A small village in Vietnam – 1955 (1)

Class analysis


for bigger picture click on this photo

(Photo: Tldagny)

Vietnam.

“Please, listen to me, my dear sister Quê, it is time to put an end to it. Tôn may be your husband, but don't speak a word to him any more!” Stunned, Quê looks at her brother Chinh. There are tears in her eyes. “Tôn is everything I have. What do you have against him? He is your brother-in-law. I'm married to him.” “Quê, Tôn is the class enemy. He is a land owner, an exploiter. From now on the proletariat is in power, together with landless peasants. We will crush the exploiters.”

It is 1955. The French are the losers. The communists have won. A few years ago Chinh had signed up for the resistance. At the liberation many soldiers returned to the villages, but not Chinh. He only came back half a year later. He was appointed section head, and he started to carry out the land reform, on which the revolutionary government had decided.


for bigger picture click on this photo

(Photo: Biggs)

Vietnam.

Quê is sobbing all huddled up. “I don't understand this. You know the village. You know who is good, and who not. We all know it. Tôn and his family have some rice fields. So what! They have always helped others, they have always worked hard in the field. During the harvest season they have day labourers. What's wrong with that? They are paid well, and get good meals. And, and ...” Quê stumbles over her words. She is a pretty young woman, about twenty years old. Actually she has a delicate face. But now it looks more like a wrung-out dish cloth.
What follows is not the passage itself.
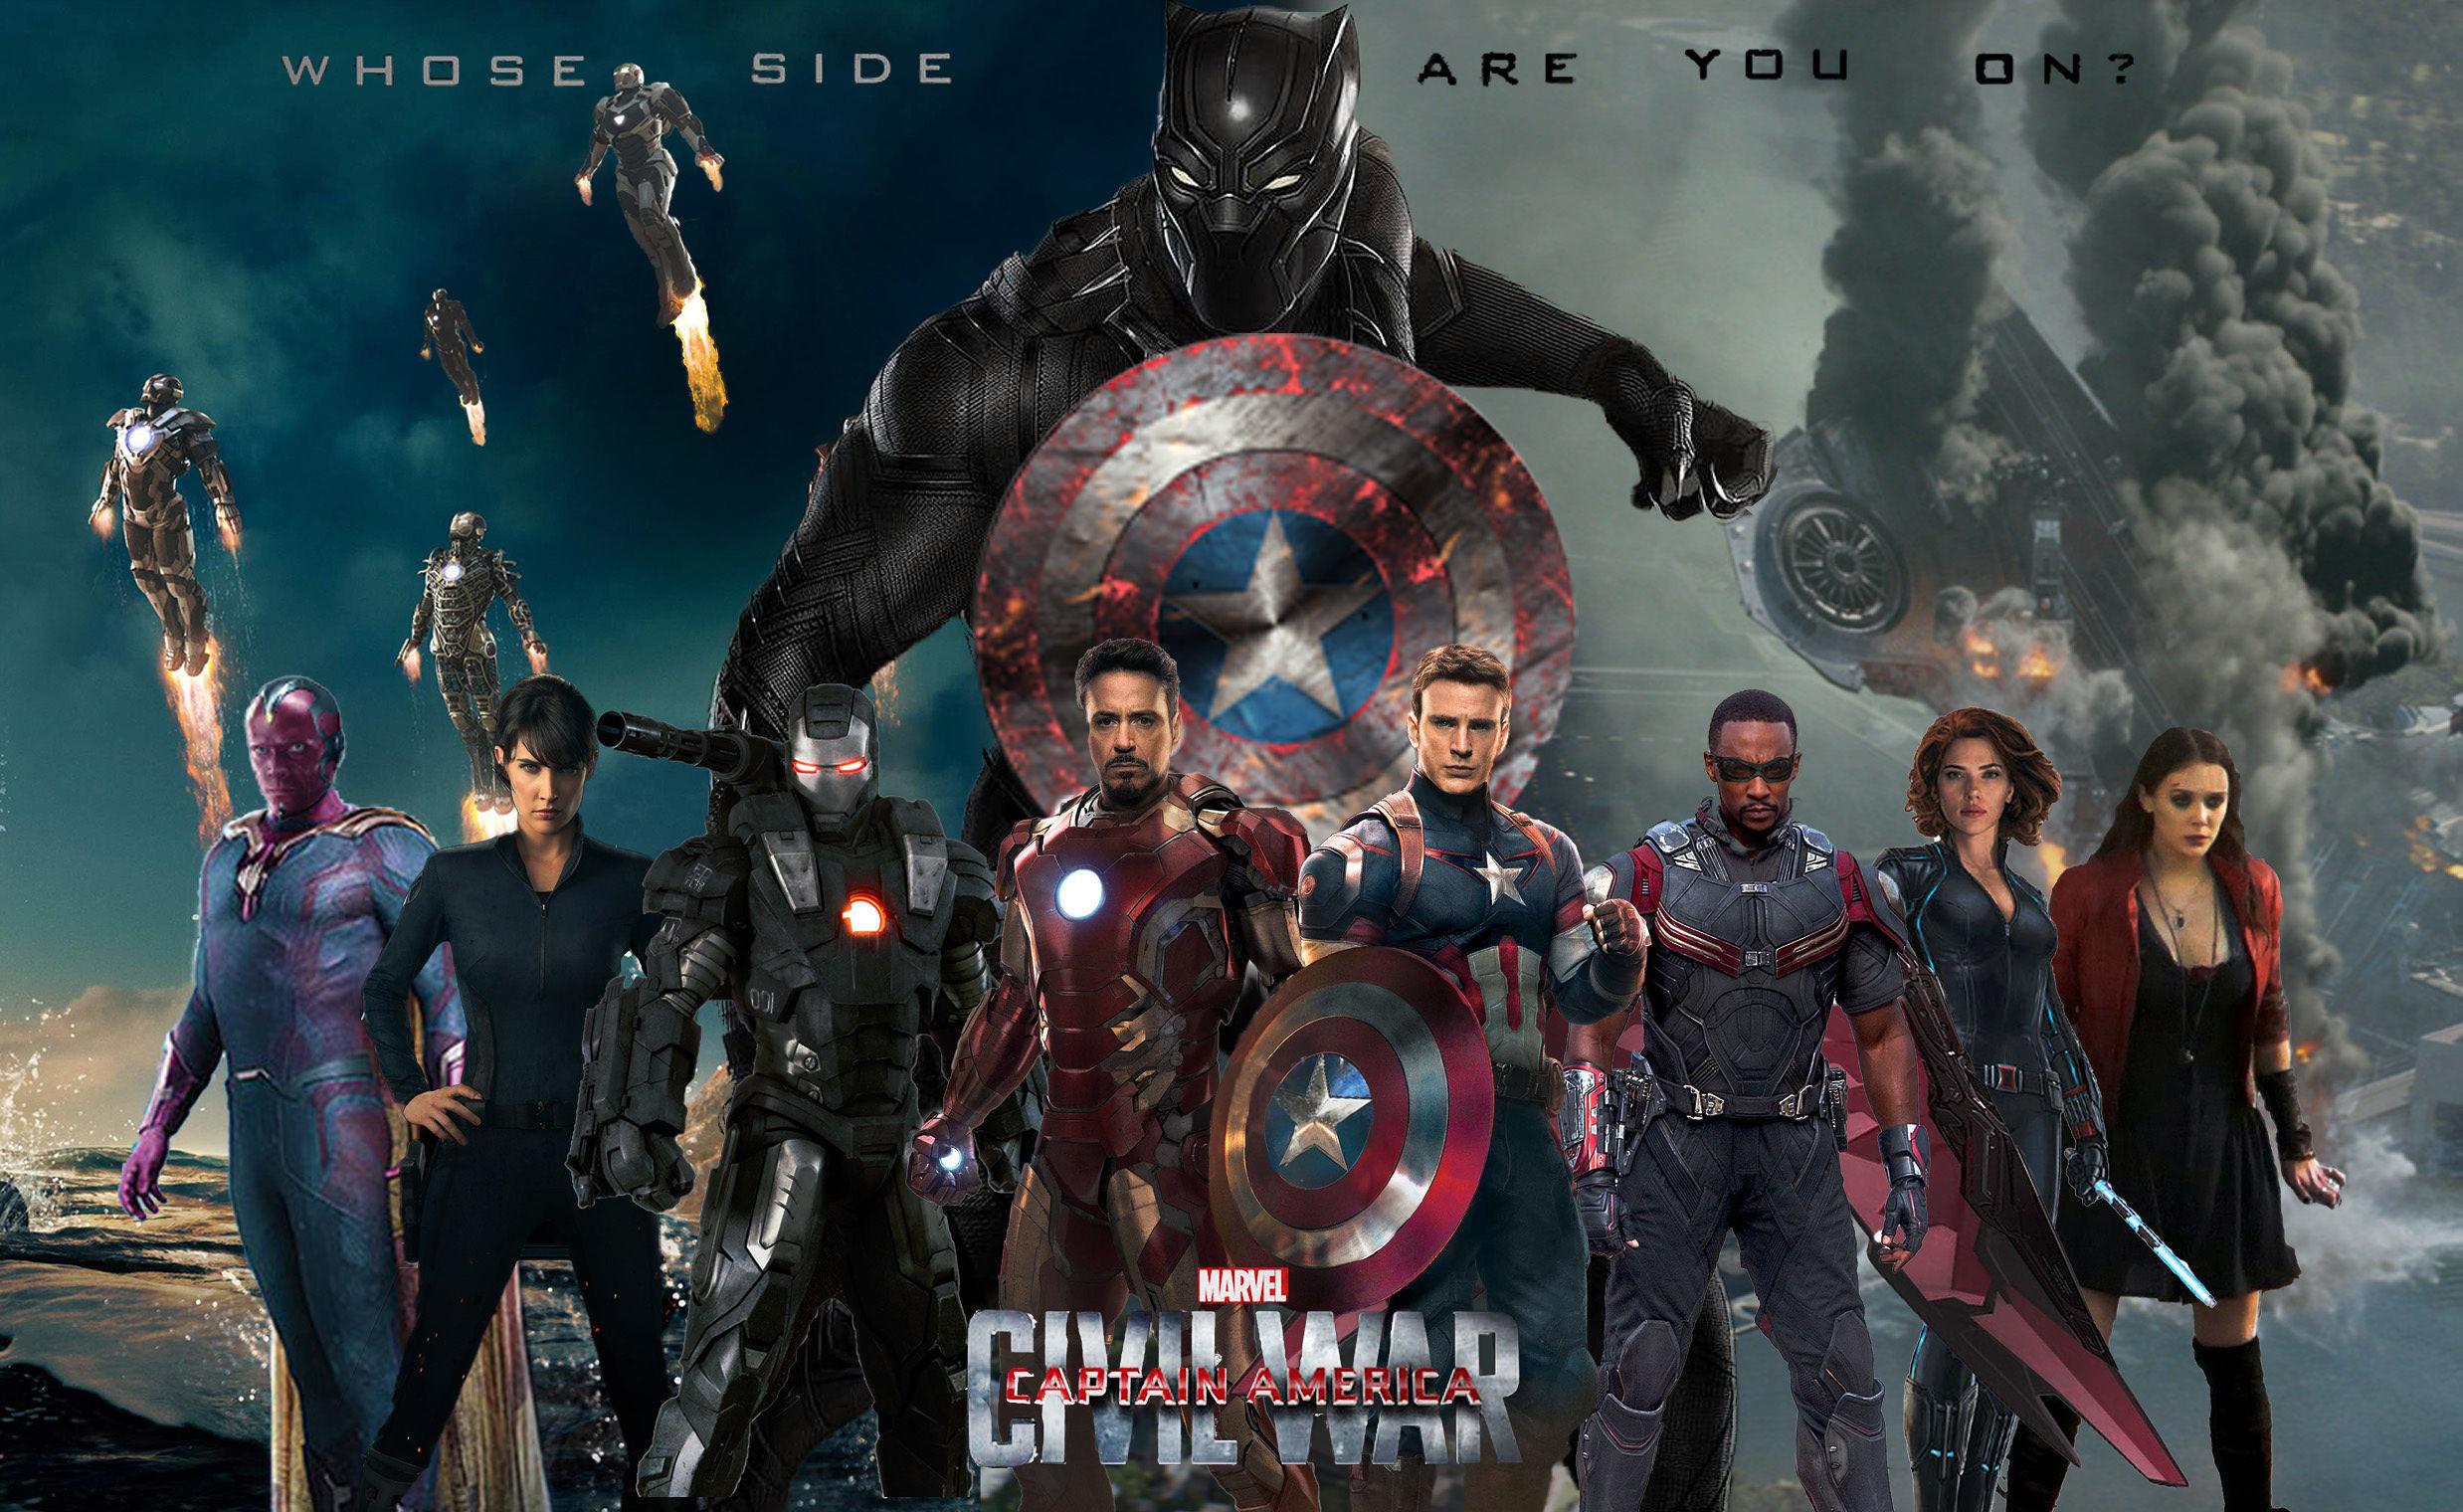 captain-america-civil-war-poster-wallpaper-captain-america-

“Quê, stop that sobbing,” Chinh reacts, exasperated. “It is about a class analysis. I became section head, because our family never had a scrap of land. Father was an herbal doctor, but for the rest, we have always lived by working on the fields of others. When someone informs the Party that my sister is married to a land owner, I am finished. For half a year I attended a staff course, I classified all families of our village by their class position, and ...”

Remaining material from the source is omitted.